== Work required ==
Find "Roman Soldier Costume" and "Power Test - Mechanics" in the records below. Copy the lines holding them and every line between, exactly, and no others.

== Working data ==
*****

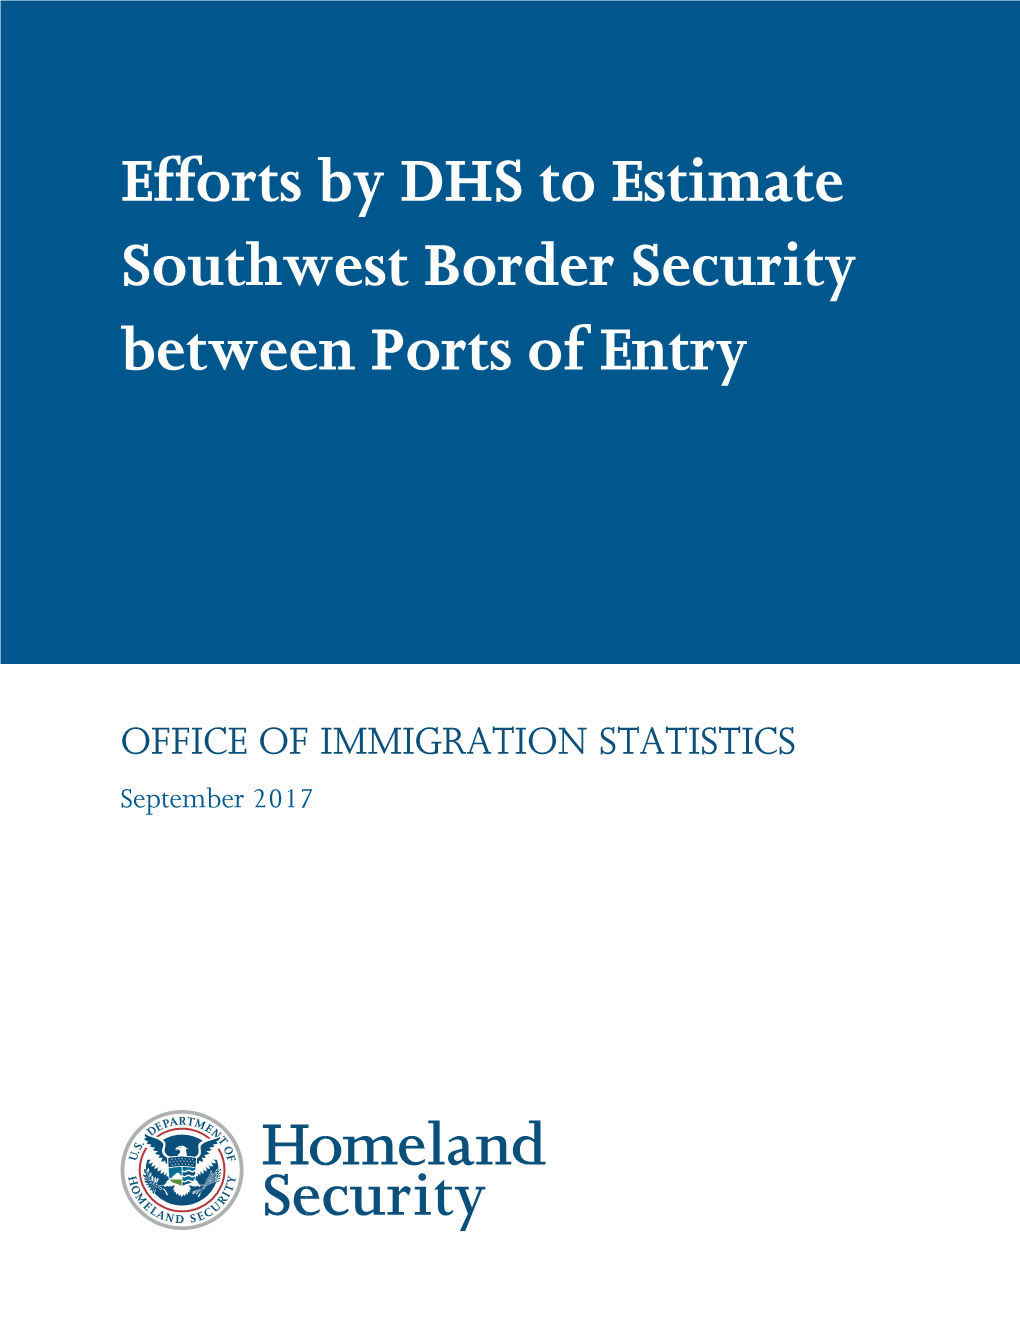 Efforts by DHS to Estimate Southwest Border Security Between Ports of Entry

*****

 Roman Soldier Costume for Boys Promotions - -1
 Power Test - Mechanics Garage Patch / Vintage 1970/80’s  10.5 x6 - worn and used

*****

== Task solution ==
 Roman Soldier Costume for Boys Promotions - -1
 Power Test - Mechanics Garage Patch / Vintage 1970/80’s  10.5 x6 - worn and used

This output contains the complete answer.